In this section, we will set the base model, dataset, and new model name. The name of the new model will be used to save a fine-tuned model.

Note: If you are using the free version of Colab, you should load the sharded version of the model (someone13574/Mistral-7B-v0.1-sharded).

You can also load the model from Hugging Face Hub using the base model name: mistralai/Mistral-7B-v0.1

In [6]:
base_model = "/kaggle/input/mistral/pytorch/7b-v0.1-hf/1"
dataset_name = "mlabonne/guanaco-llama2-1k"
new_model = "mistral_7b_guanaco"

### Data Loading

In [7]:
# Load the dataset from Hugging Face Hub and visualize the 100th row.

#Importing the dataset
dataset = load_dataset(dataset_name, split="train")
dataset["text"][100]

Downloading readme:   0%|          | 0.00/1.02k [00:00<?, ?B/s]

Downloading data:   0%|          | 0.00/967k [00:00<?, ?B/s]

Generating train split:   0%|          | 0/1000 [00:00<?, ? examples/s]

'<s>[INST] cuanto es 2x2 xD [/INST] La respuesta es 4. </s><s>[INST] puedes demostrarme matematicamente que 2x2 es 4? [/INST] En una multiplicación, el producto es el resultado de sumar un factor tantas veces como indique el otro, es decir, si tenemos una operación v · n = x, entonces x será igual a v sumado n veces o n sumado v veces, por ejemplo, para la multiplicación 3 · 4 podemos sumar "3 + 3 + 3 + 3" o "4 + 4 + 4" y en ambos casos nos daría como resultado 12, para el caso de 2 · 2 al ser iguales los dos factores el producto sería "2 + 2" que es igual a 4 </s>'

### Loading the Mistral 7B model

In [8]:
bnb_config = BitsAndBytesConfig(  
    load_in_4bit= True,
    bnb_4bit_quant_type= "nf4",
    bnb_4bit_compute_dtype= torch.bfloat16,
    bnb_4bit_use_double_quant= False,
)
model = AutoModelForCausalLM.from_pretrained(
        base_model,
        load_in_4bit=True,
        quantization_config=bnb_config,
        torch_dtype=torch.bfloat16,
        device_map="auto",
        trust_remote_code=True,
)
model.config.use_cache = False # silence the warnings
model.config.pretraining_tp = 1
model.gradient_checkpointing_enable()

Loading checkpoint shards:   0%|          | 0/2 [00:00<?, ?it/s]

### Loading the Tokenizer

In [9]:
tokenizer = AutoTokenizer.from_pretrained(base_model, trust_remote_code=True)
tokenizer.padding_side = 'right'
tokenizer.pad_token = tokenizer.eos_token
tokenizer.add_eos_token = True
tokenizer.add_bos_token, tokenizer.add_eos_token

(True, True)

### Adding the adopter to the layer
In the next step, we will include an adopter layer in our model.
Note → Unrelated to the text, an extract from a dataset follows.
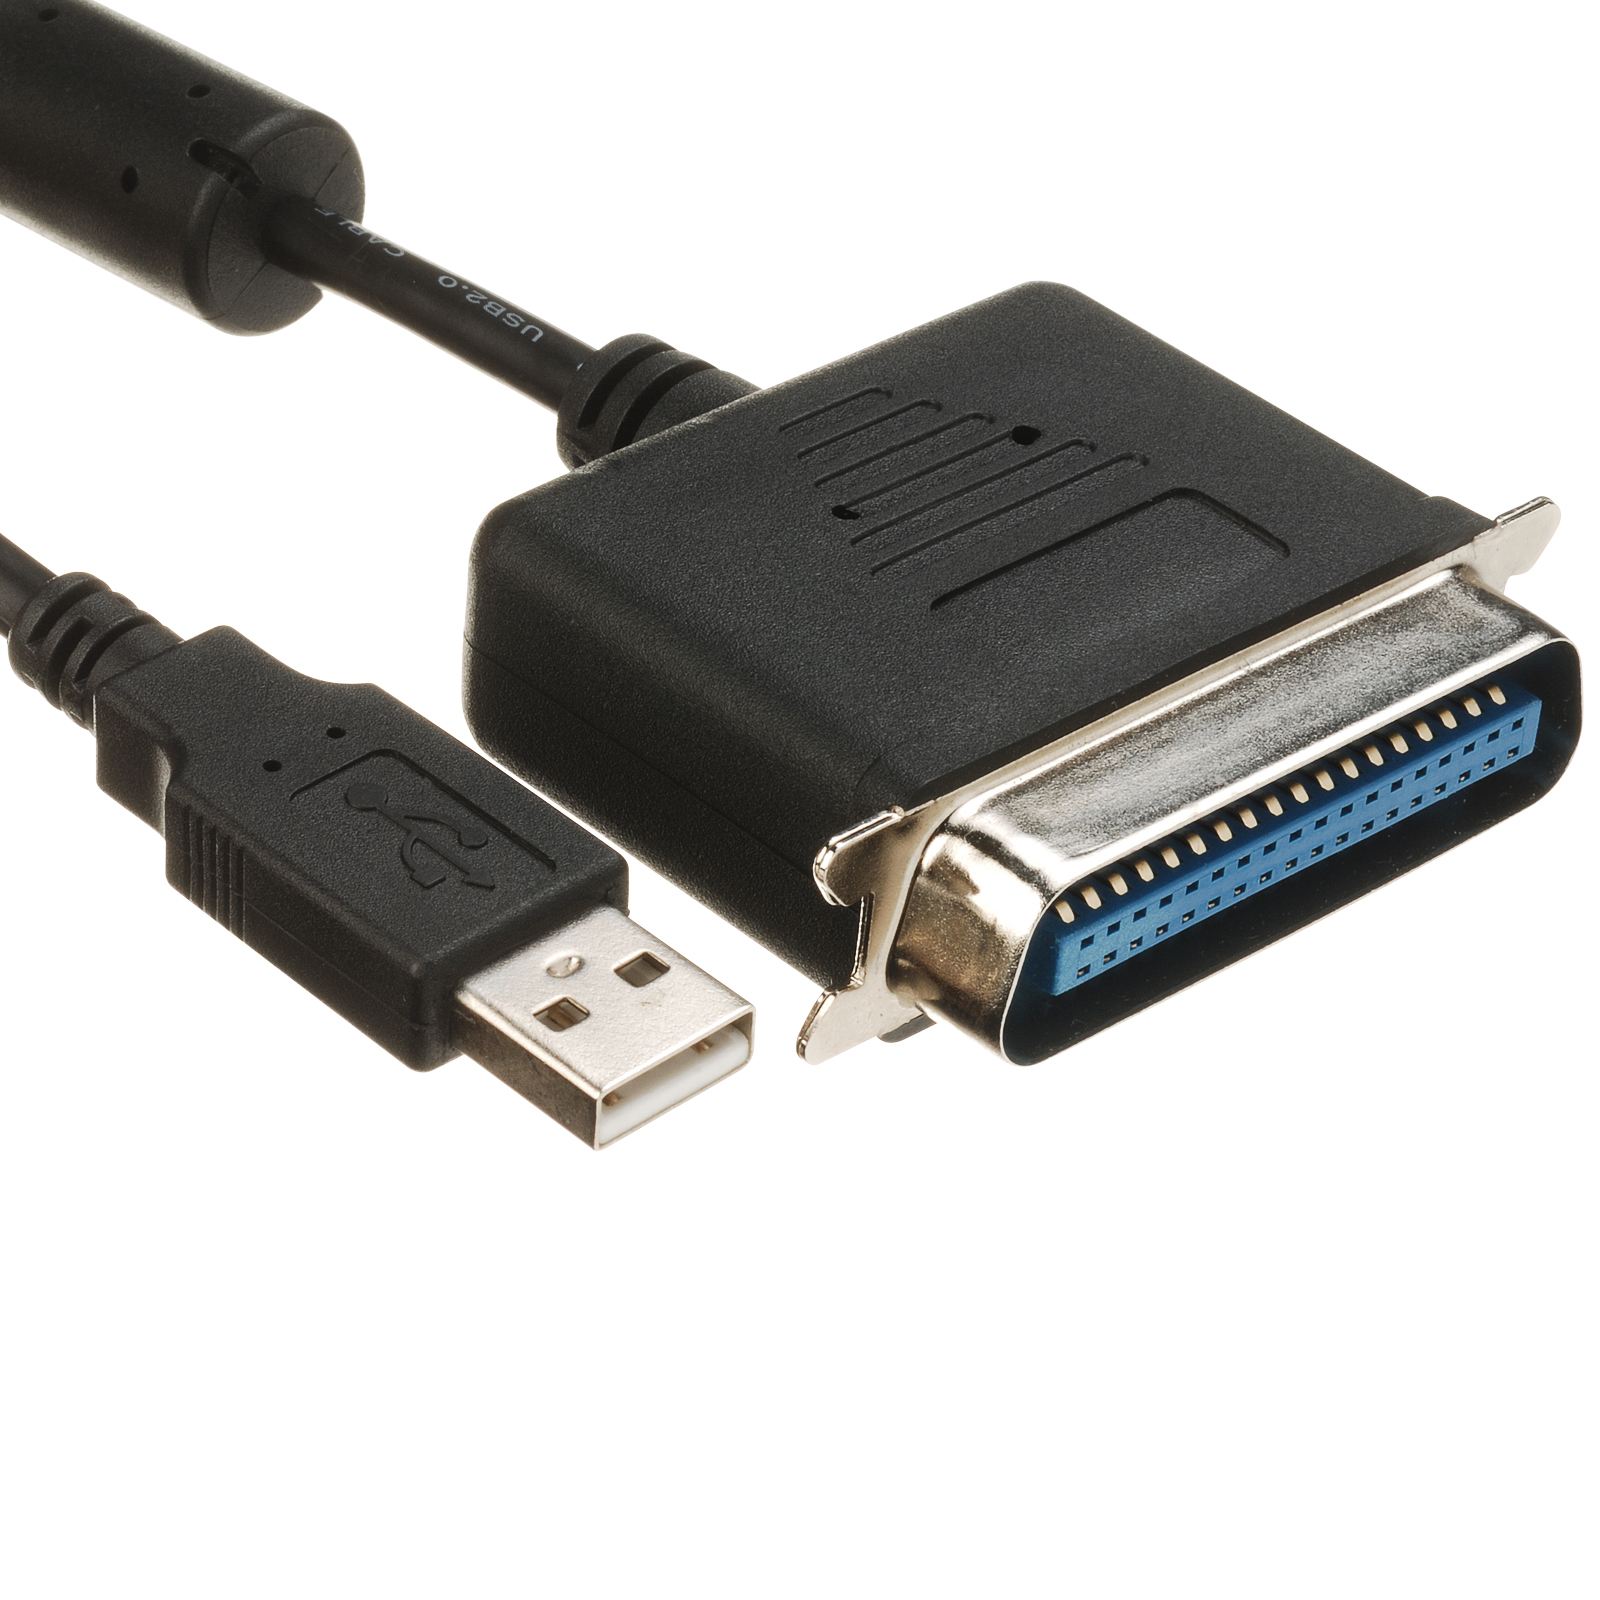 HF-CB-USB2P-B: USB to Parallel 1284 Printer Cable, 6 feet

This will enable us to fine-tune the model using a small number of parameters, making the entire process faster and more memory-efficient. To gain a better understanding of parameters, you can refer to the official documentation of PEFT.

In [10]:
model = prepare_model_for_kbit_training(model)
peft_config = LoraConfig(
    lora_alpha=16,
    lora_dropout=0.1,
    r=64,
    bias="none",
    task_type="CAUSAL_LM",
    target_modules=["q_proj", "k_proj", "v_proj", "o_proj","gate_proj"]
)
model = get_peft_model(model, peft_config)

### Hyperparmeters

In [11]:
training_arguments = TrainingArguments(
    output_dir="./results",
    num_train_epochs=1,
    per_device_train_batch_size=4,
    gradient_accumulation_steps=1,
    optim="paged_adamw_32bit",
    save_steps=25,
    logging_steps=25,
    learning_rate=2e-4,
    weight_decay=0.001,
    fp16=False,
    bf16=False,
    max_grad_norm=0.3,
    max_steps=-1,
    warmup_ratio=0.03,
    group_by_length=True,
    lr_scheduler_type="constant",
    report_to="wandb"
)

### SFT parameters
HuggingFace's TRL library offers a user-friendly API that allows for the creation and training of Supervised fine-tuning (SFT) models on your dataset with minimal coding. We will provide the SFT Trainer with the necessary components, such as the model, dataset, Lora configuration, tokenizer, and training parameters.

In [12]:
trainer = SFTTrainer(
    model=model,
    train_dataset=dataset,
    peft_config=peft_config,
    max_seq_length= None,
    dataset_text_field="text",
    tokenizer=tokenizer,
    args=training_arguments,
    packing= False,
)



Map:   0%|          | 0/1000 [00:00<?, ? examples/s]

### Model training

In [13]:
trainer.train()

You're using a LlamaTokenizerFast tokenizer. Please note that with a fast tokenizer, using the `__call__` method is faster than using a method to encode the text followed by a call to the `pad` method to get a padded encoding.


Step,Training Loss
25,1.0346
50,1.6637
75,1.0741
100,1.3532
125,1.0504
150,1.2527
175,1.0513
200,1.2937
225,1.0038
250,1.3383


TrainOutput(global_step=250, training_loss=1.2115845413208008, metrics={'train_runtime': 6046.5916, 'train_samples_per_second': 0.165, 'train_steps_per_second': 0.041, 'total_flos': 1.874641569231667e+16, 'train_loss': 1.2115845413208008, 'epoch': 1.0})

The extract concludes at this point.